- Instructions to follow
Nothing outside the lines below from the one containing "38x26 3 Car" through the one containing "Mardi Gras, Schaan, Liechtenstein" is to be printed; print those exactly, ends included, and drop the pictures.

- Data section
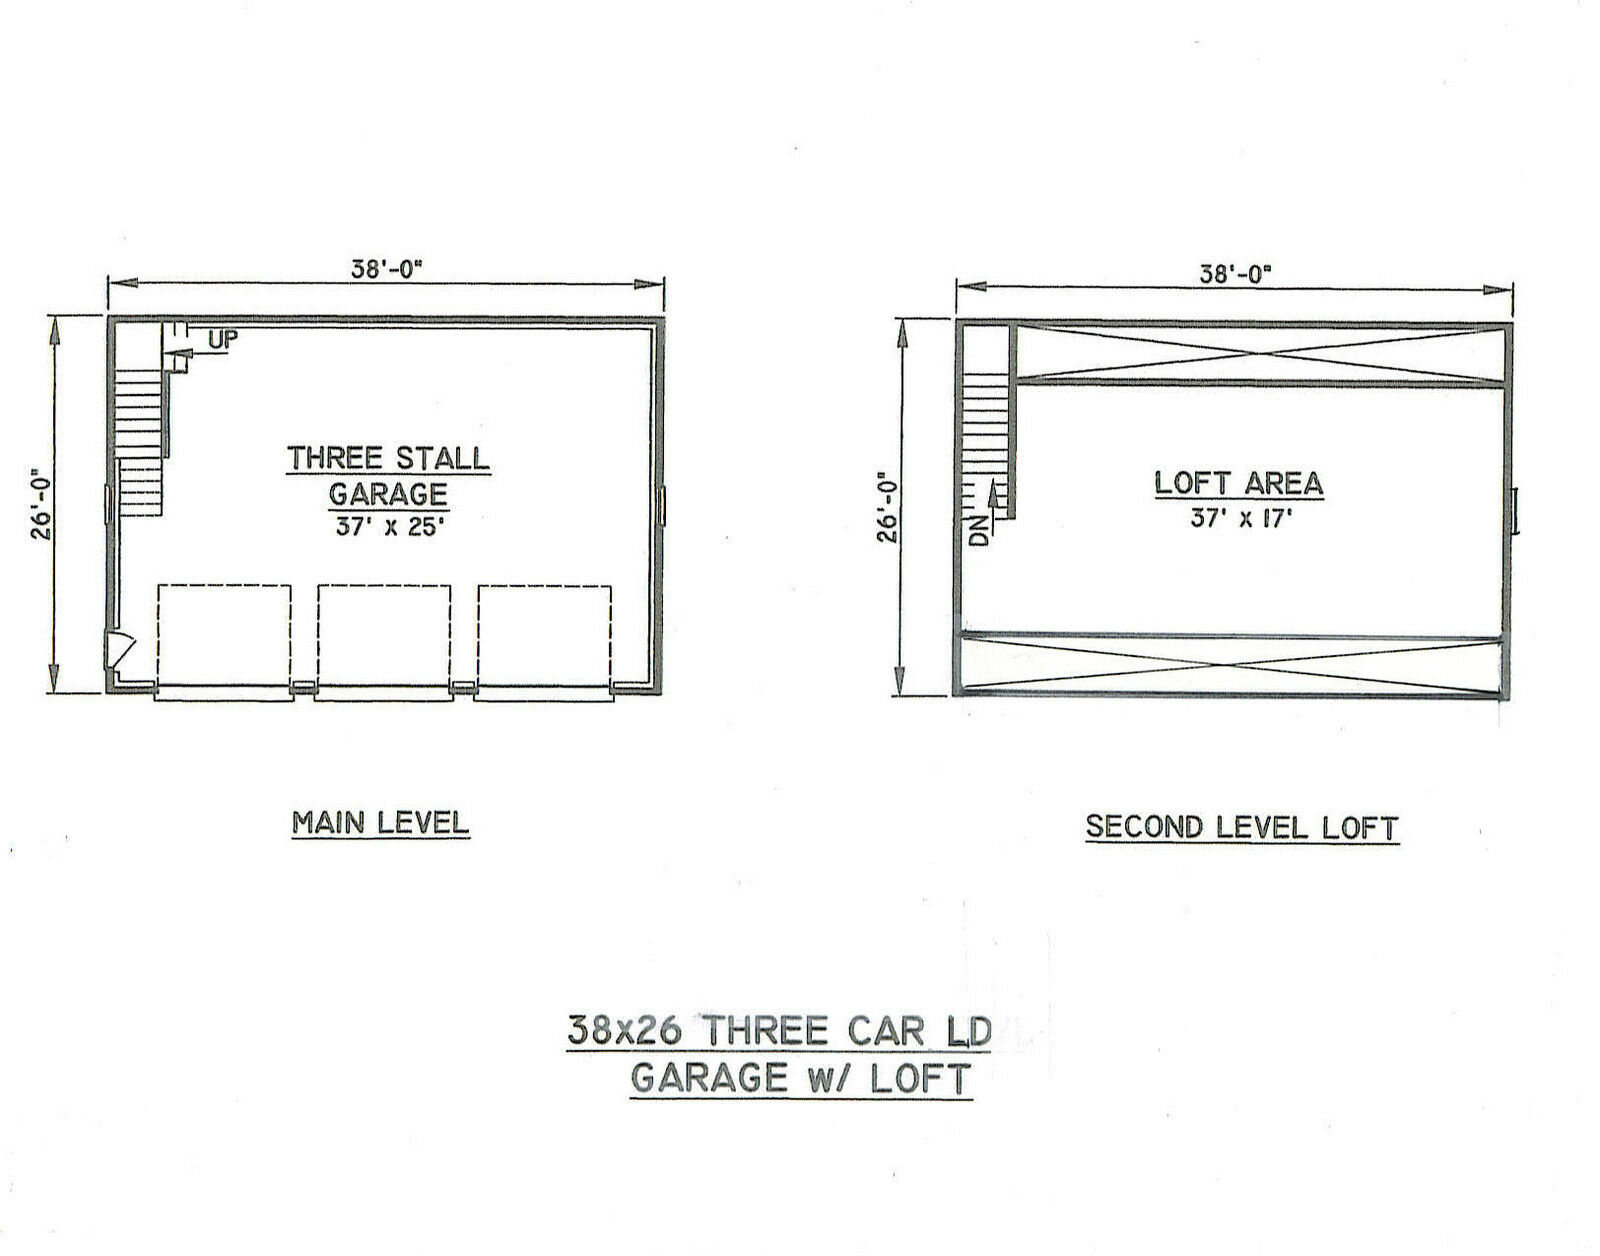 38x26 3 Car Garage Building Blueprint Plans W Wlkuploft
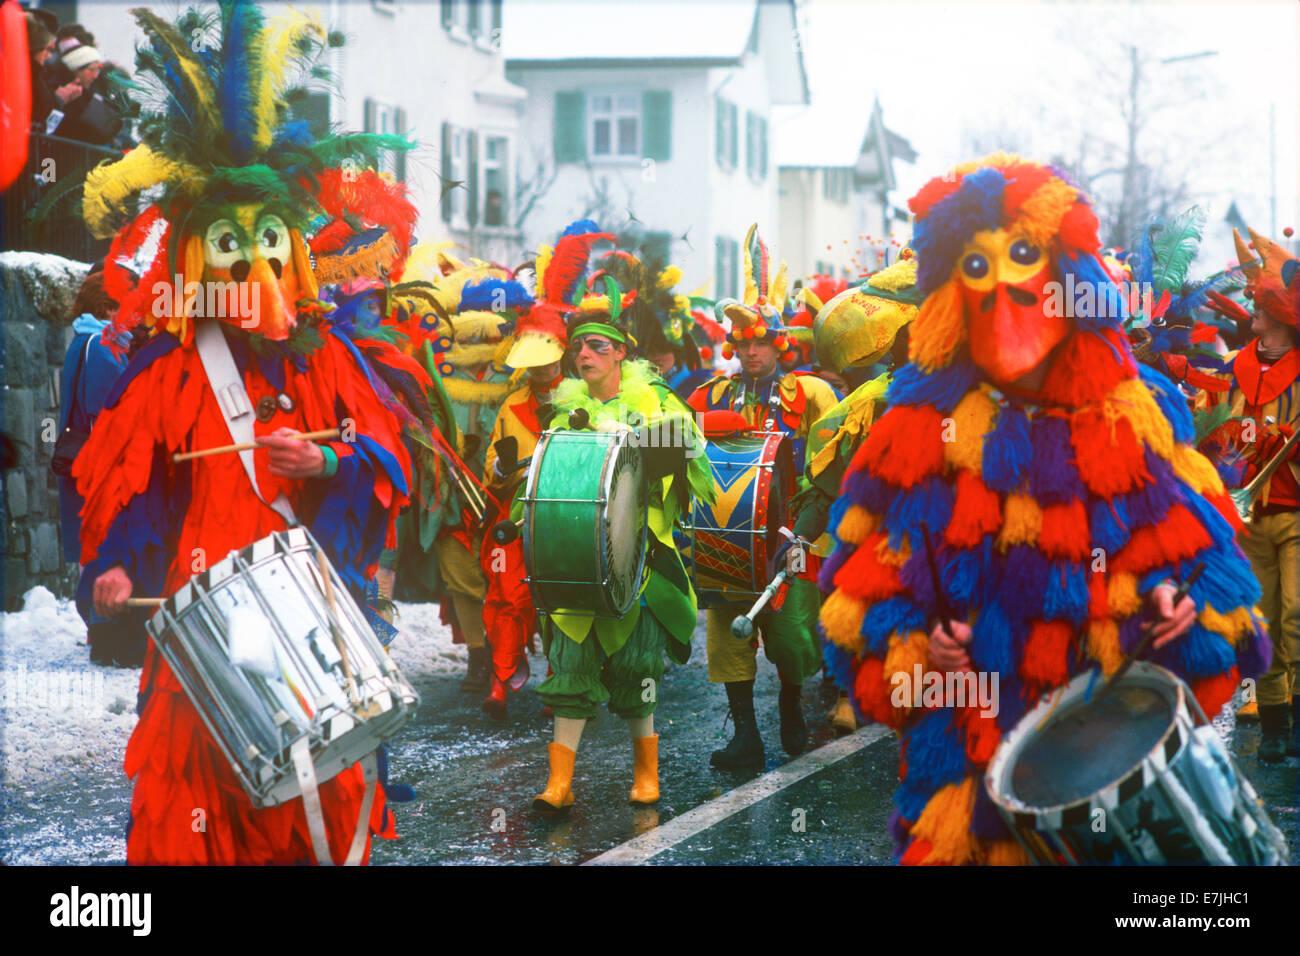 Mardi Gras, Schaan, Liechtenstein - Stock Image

--

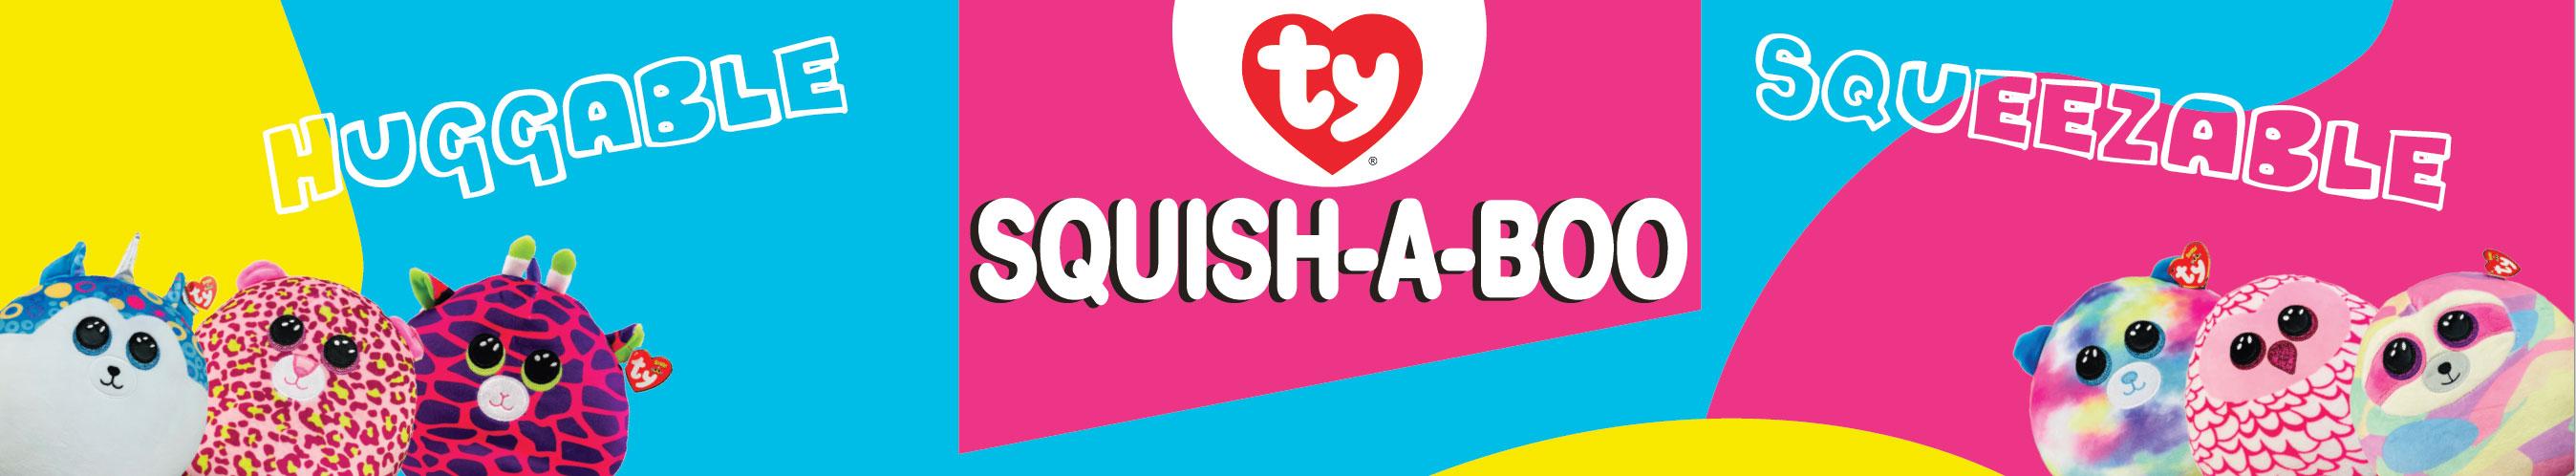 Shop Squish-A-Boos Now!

* * *

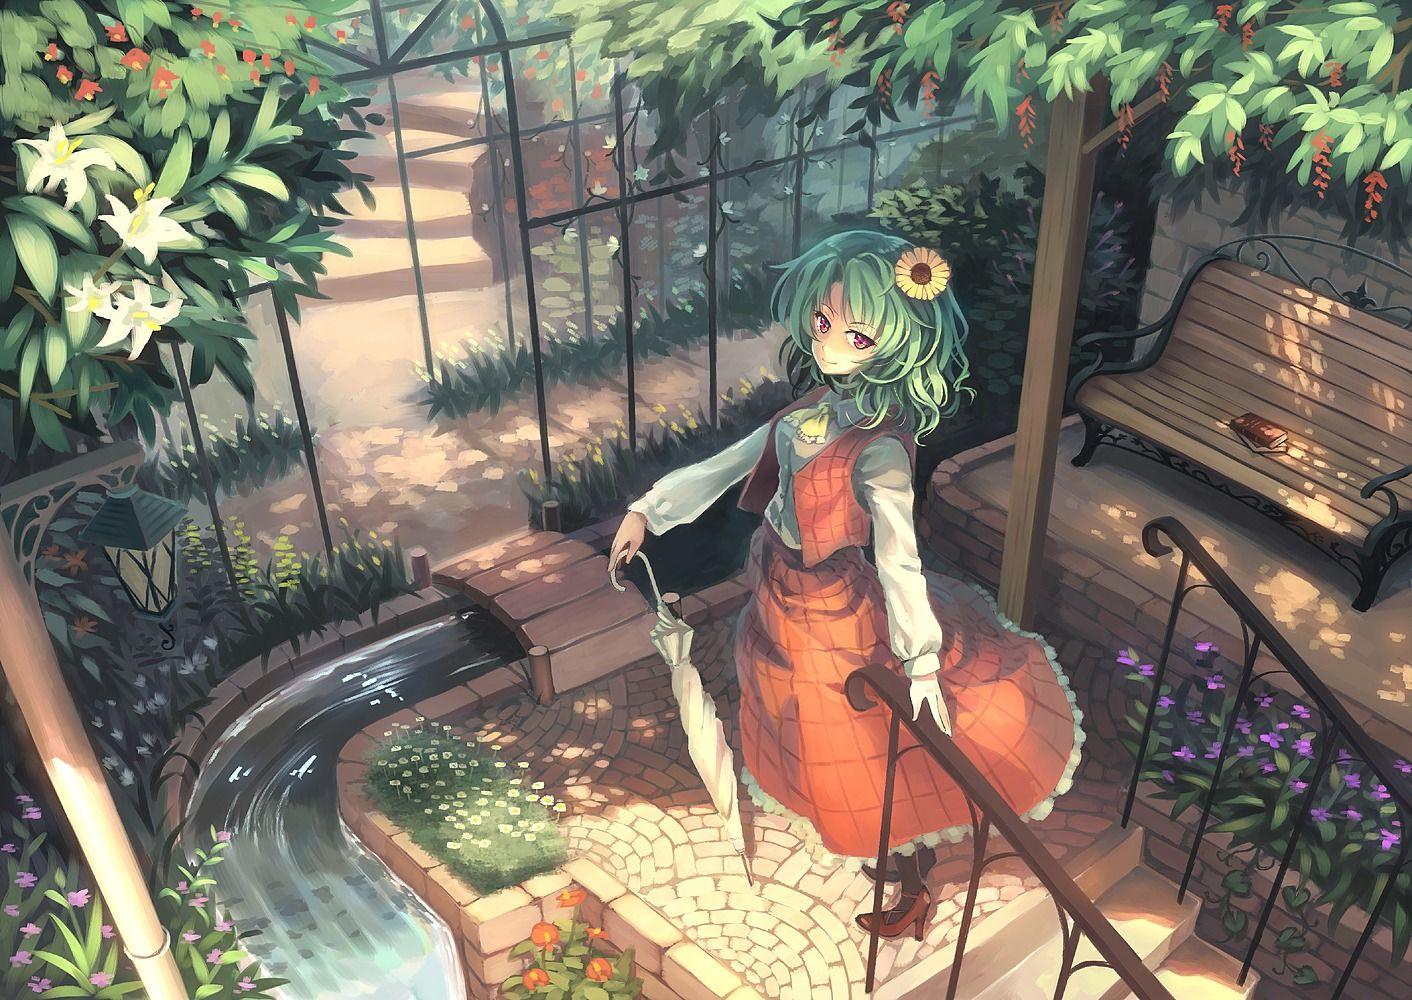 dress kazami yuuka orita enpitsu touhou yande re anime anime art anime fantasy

- Solved problem
 38x26 3 Car Garage Building Blueprint Plans W Wlkuploft
 Mardi Gras, Schaan, Liechtenstein - Stock Image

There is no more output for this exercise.